Dans la lette à Galpin qui suit, quatre mois plus tard, en avril 1920 — mais lettre de plusieurs dizaines de pages, et fondatrice, voir ce que Lovecraft y développe sur sa lecture d’Einstein et la relativité — Lovecraft insérera quatre rêves, mais théorisera une question essentielle : que faut-il garder du rêve, ce qui vous vient depuis l’incohérence du rêve, mais inclut ce qui sera votre signature fantastique, un élément fantastique insoluble qui deviendra la structure et l’acmé de l’histoire ? Dagon en sera l’archétype, ne gardant du rêve initial que cette sensation de marcher dans la boue, perdu dans une étendue sans limite, sous lumière aveuglante.

Pourtant, du rêve de décembre 1919, Lovecraft n’enlève rien, développe au contraire chaque figure du rêve initial, et introduit une transposition, elle majeure : il ne s’agit plus de Lovecraft et Loveman, mais on donne un nom au personnage principal (Warren est un des fondateurs de Providence, ce n’est pas un nom au hasard), et pour son propre personnage invente un nom, Randolph Carter, qui va revenir plus tard (L’innommable, et bien sûr L’affaire Charles Dexter Ward) comme double de l’auteur.

Encore plus étrange si on considère que l’ensemble de la correspondance de Lovecraft s’établit sous le régime d’hétéronymes qui sont chacun autant de registres d’écriture, en particulier le principal, son Grand’Pa Theobald. Et que le narrateur, dans d’autres œuvres majeures, pourra sembler une transposition encore plus directe de Lovecraft lui-même (Chuchotements dans la nuit), ou un auteur calqué sur une personne existante : le Blake de Celui qui hante la nuit à l’image précise de ce jeune correspondant de Lovecraft, futur autur de Psycho, qu’est Robert Bloch. Dans d’autres récits, comme La chose sur le seuil, le narrateur — ce double second du personnage principal —, parce que saisi par la folie ou la mort imminente, devra garder sa spécificité par rapport à l’auteur. C’est cette complexité non tranchée qu’il faut lire de près dans la première apparition de Randolph Carter.

Le récit se présente de façon compacte, plus compacte en tout cas que les récits ultérieurs. Si j’ai respecté la ponctuation originale (le très curieux usage du point-virgule), je me suis permis quelques discrets sauts de paragraphes pour la commodité de la lecture bilingue.

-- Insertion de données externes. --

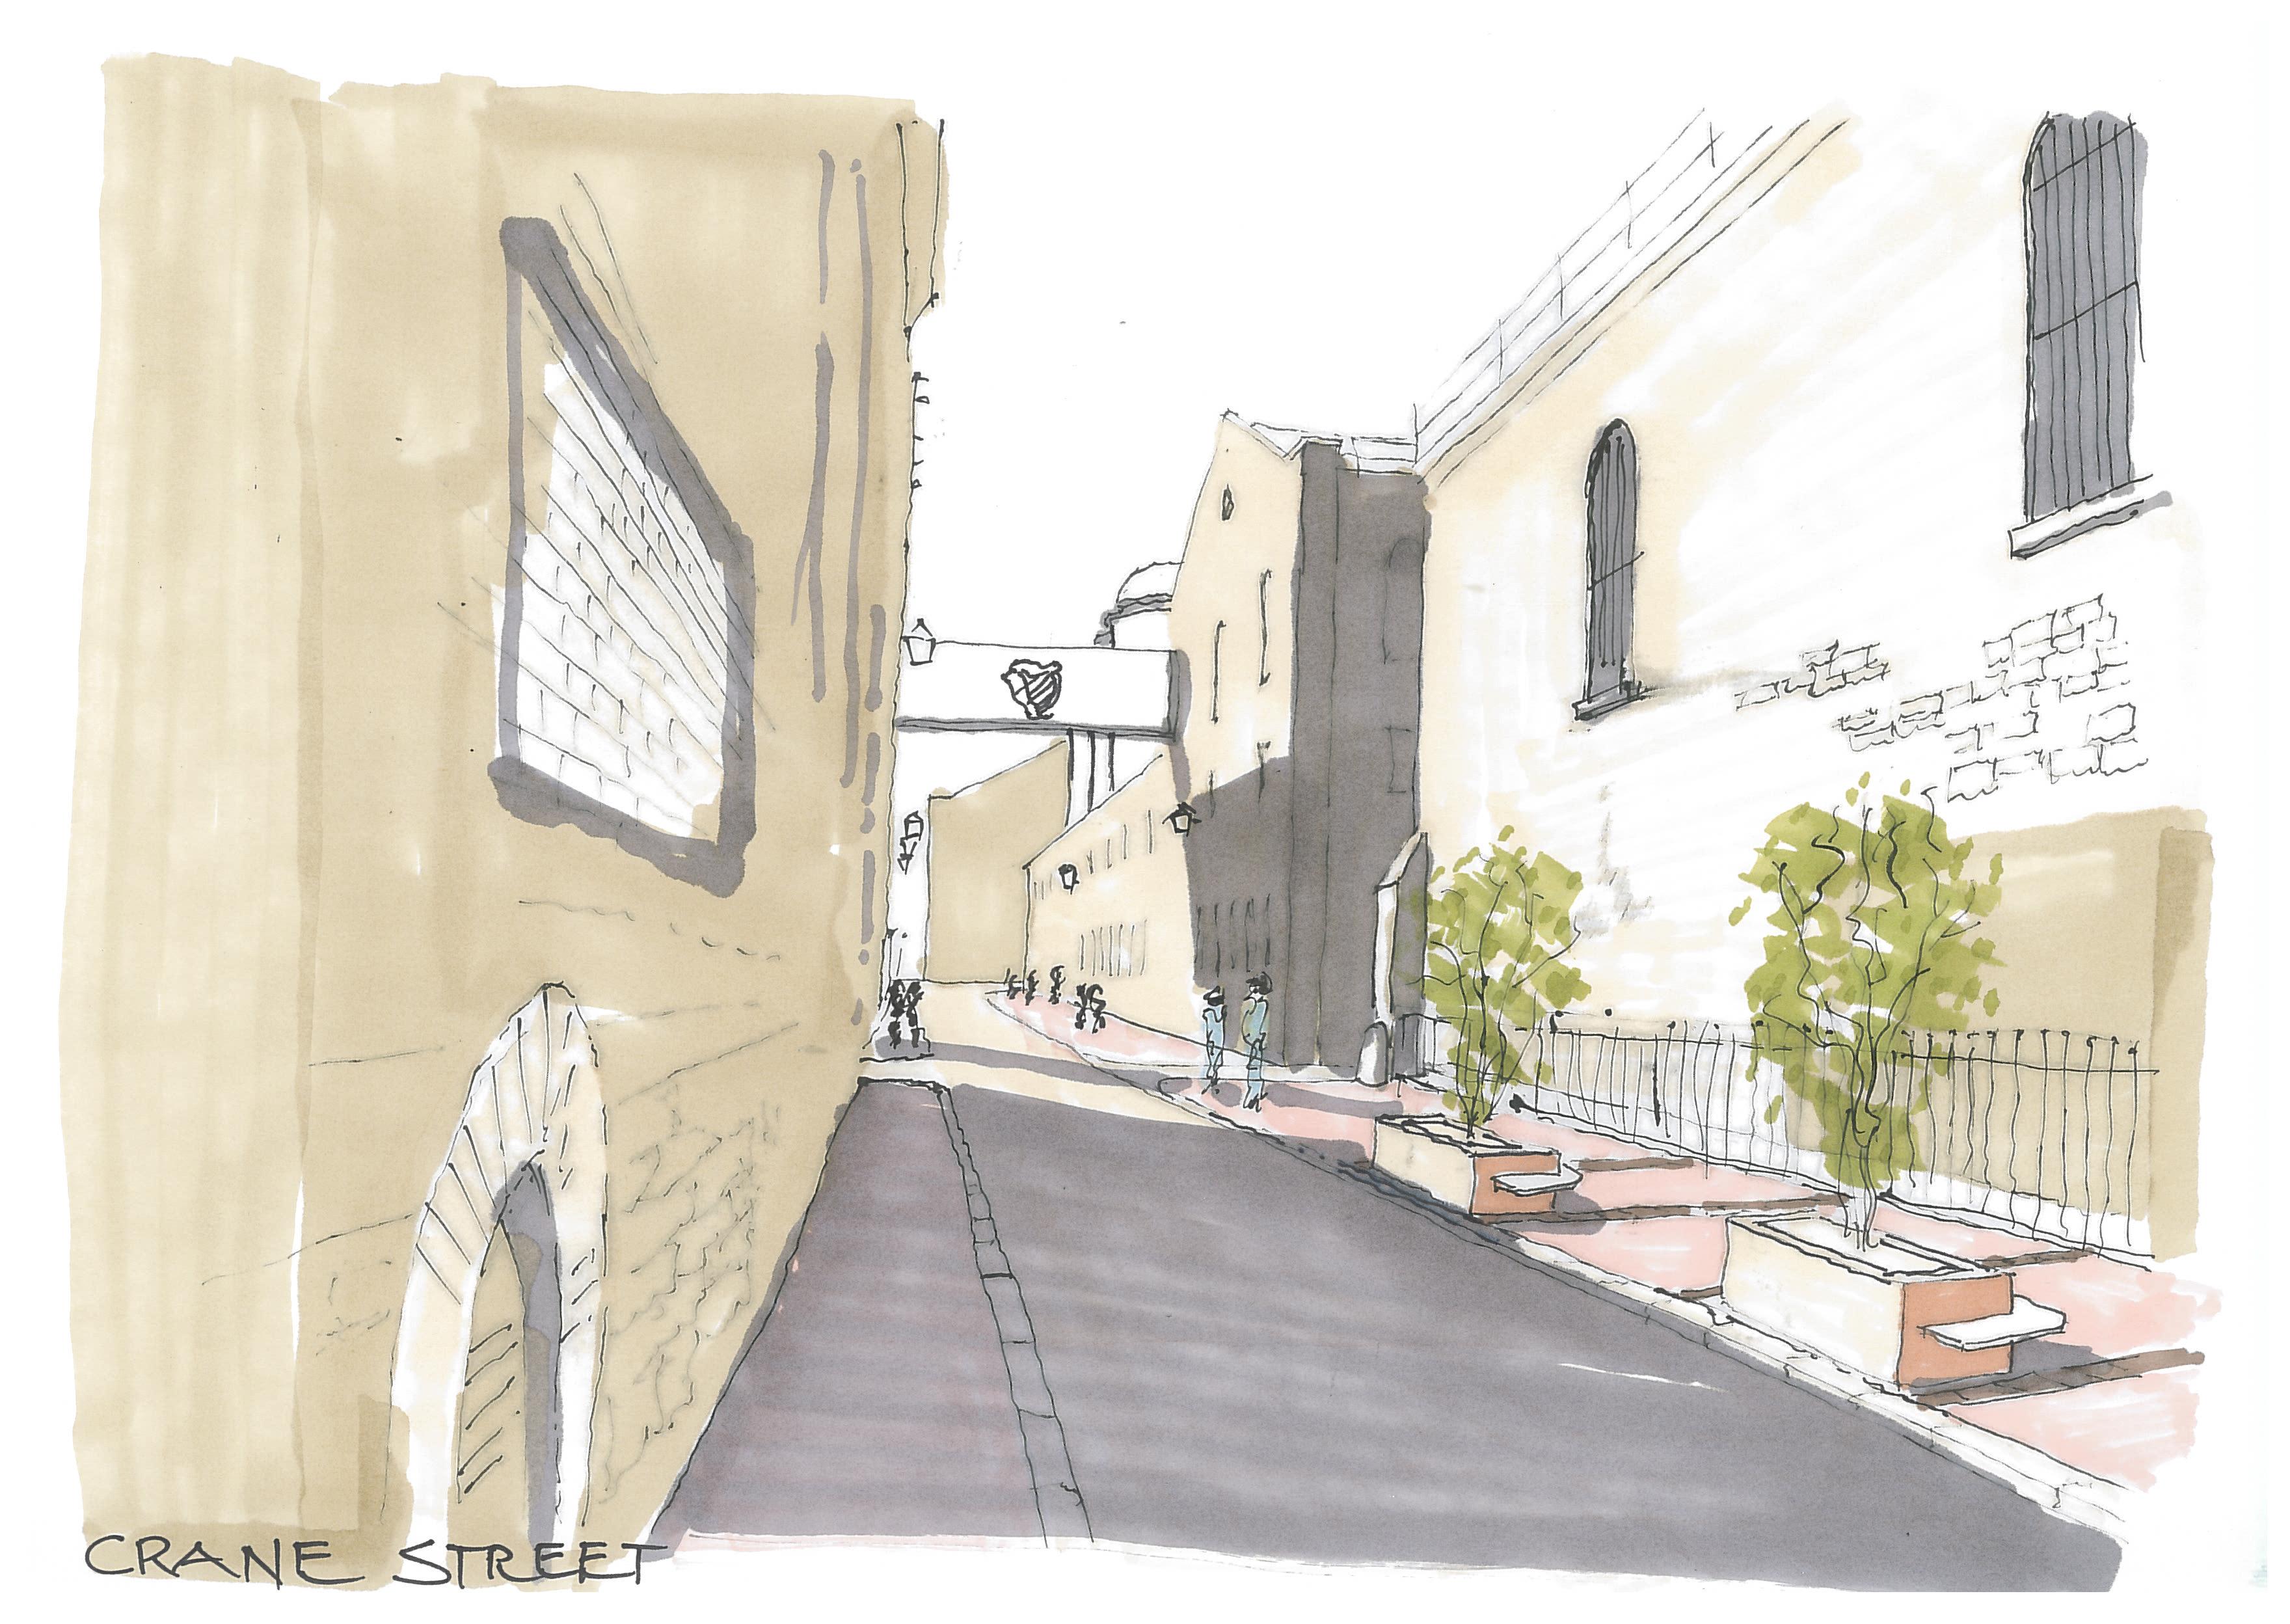 Crane Street Sketch View
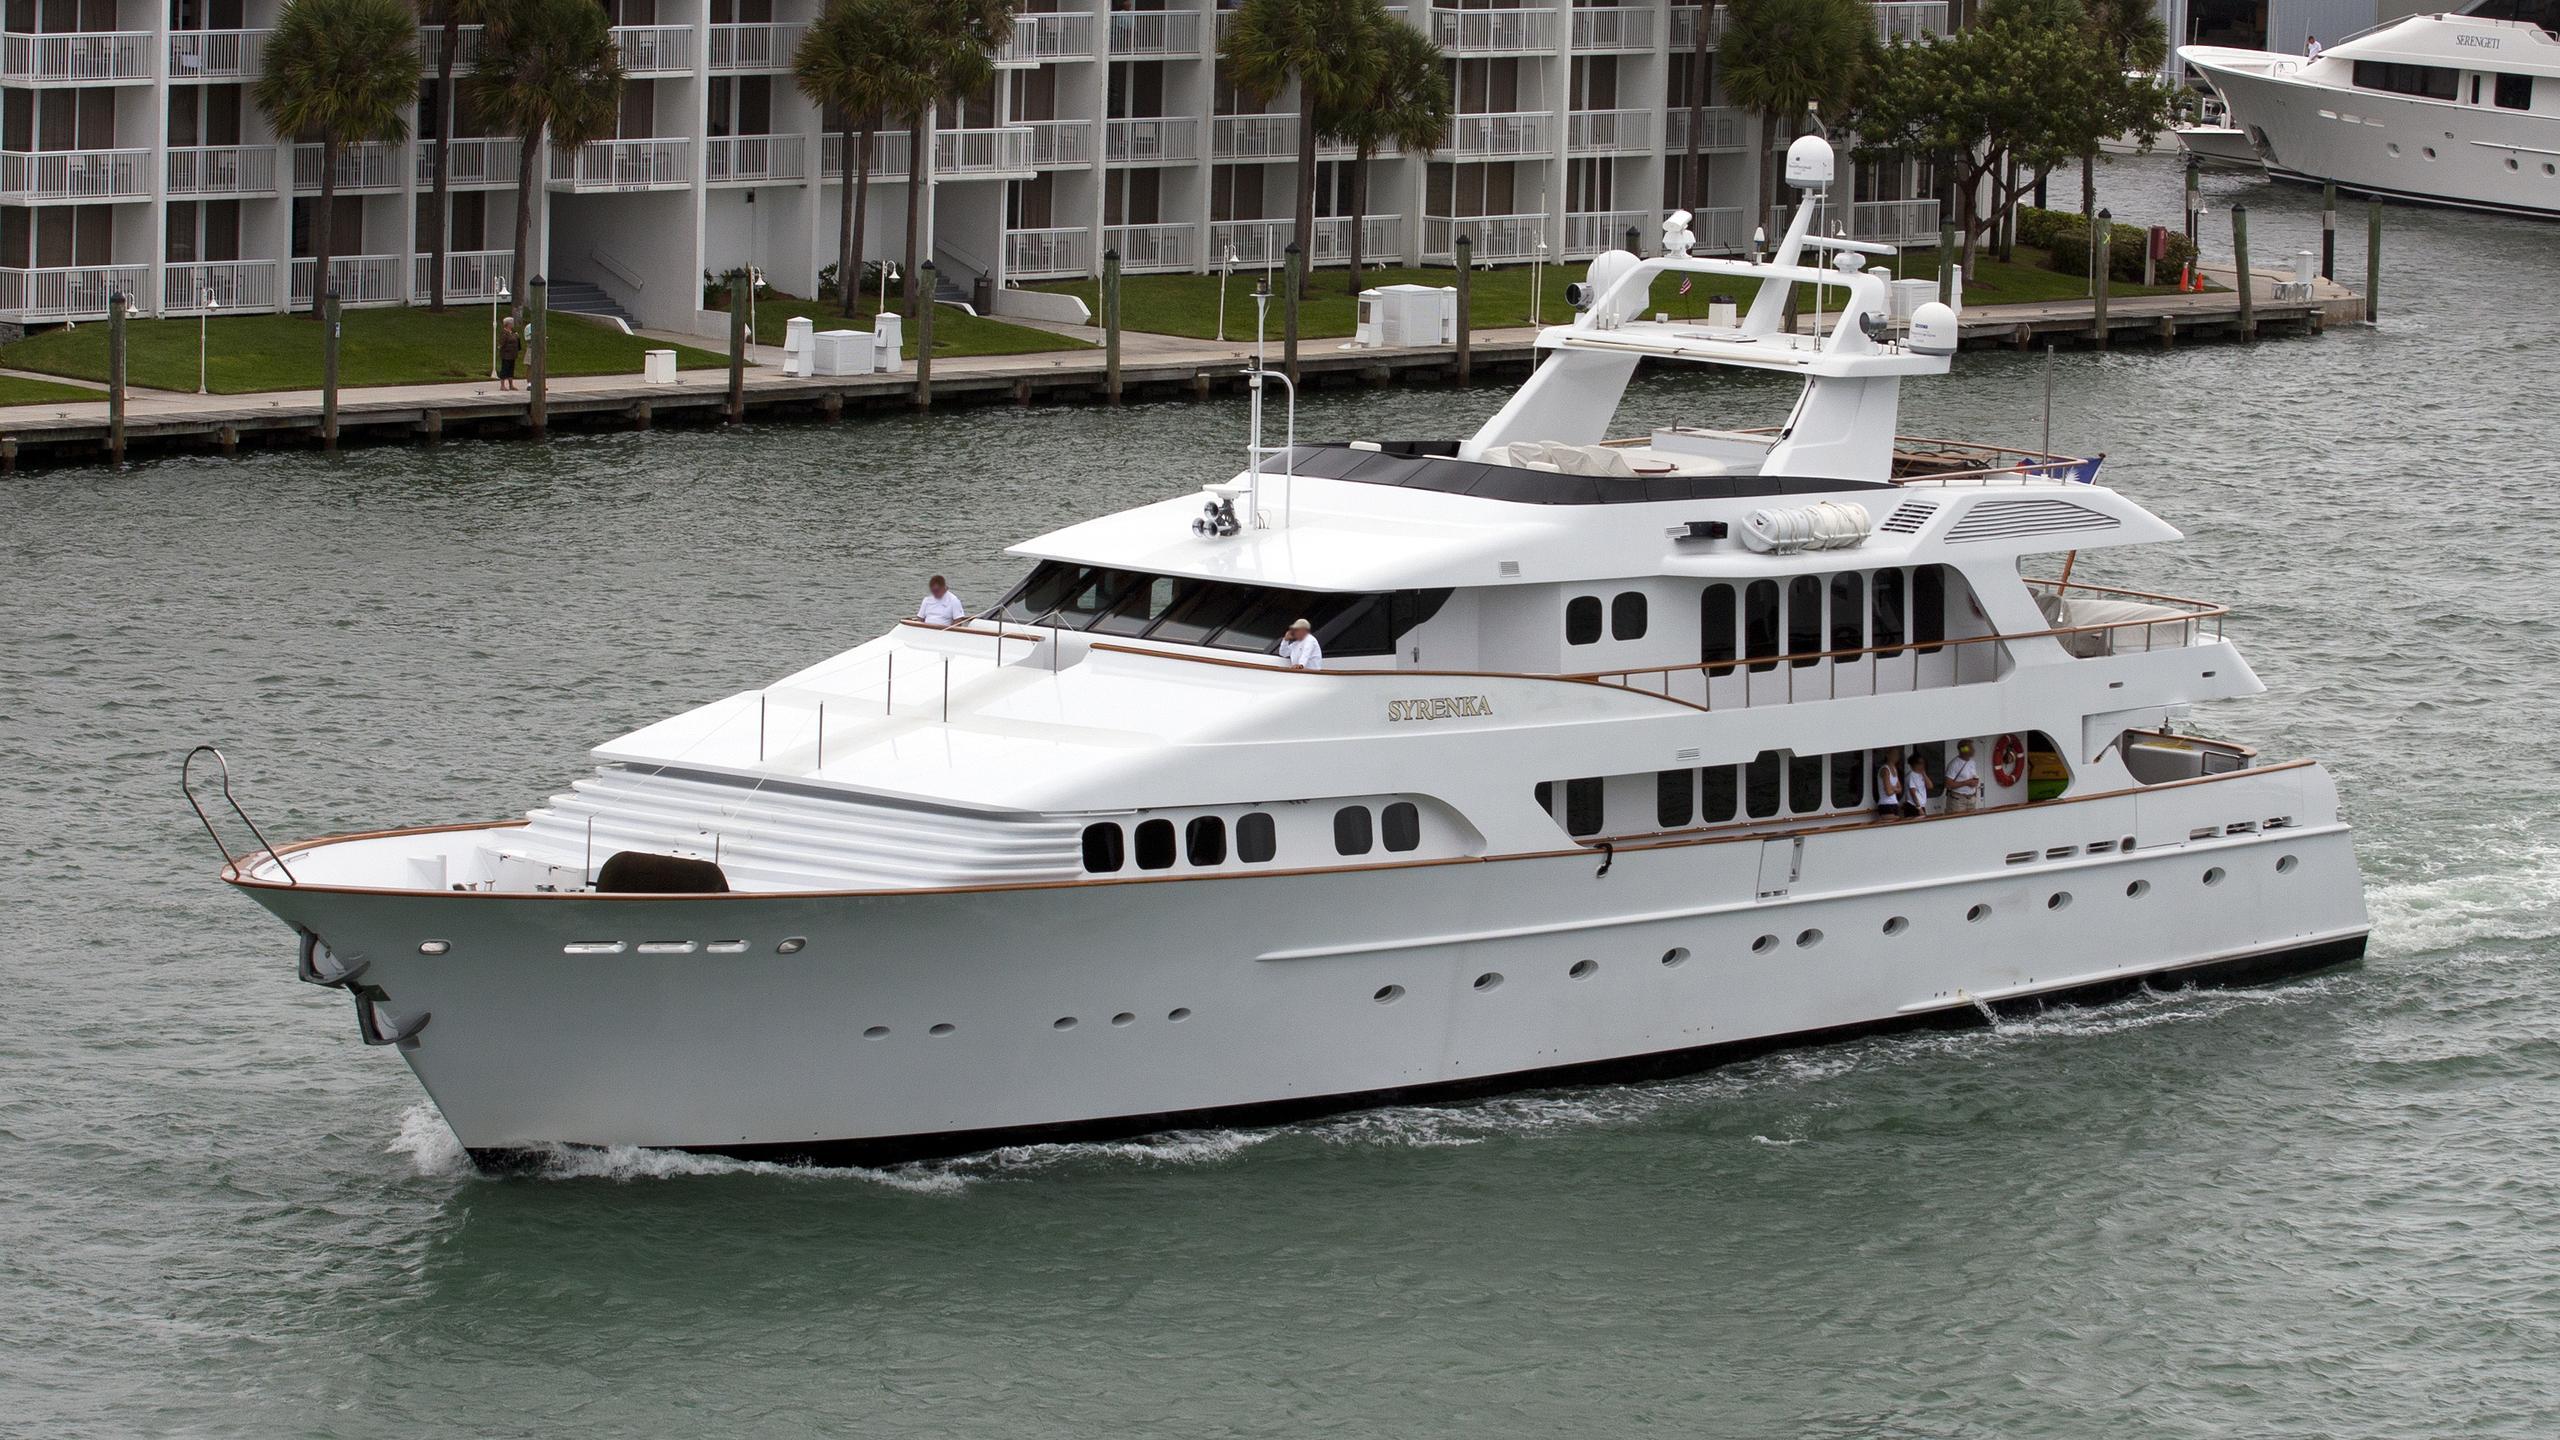 grand illusion syrenka motoryacht palmer johnson 1994 44m cruising half profile

Publier une traduction en bilingue, un geste pour moi important : ne pas imposer sa propre solution narrative, mais proposer à rêver. Dans l’intervalle entre ma traduction et le texte original, à vous d’inventer votre propre récit. Respecter et transcrire comment l’artifice de la syntaxe lovecraftienne, ancrée dans celle du XVIIIe siècle, rehausse paradoxalement la rémanence des images, et comment ce récit dont la loi nous échappe impose par cette distance son autorité même. Le statut des adjectifs décrivant l’horreur, le jeu direct des apostrophes entre les deux personnages (dans l’anglais qui ne tutoie pas), à vous de jouer dans l’intertexte — moi j’ai joué ma musique, et je l’assume comme telle.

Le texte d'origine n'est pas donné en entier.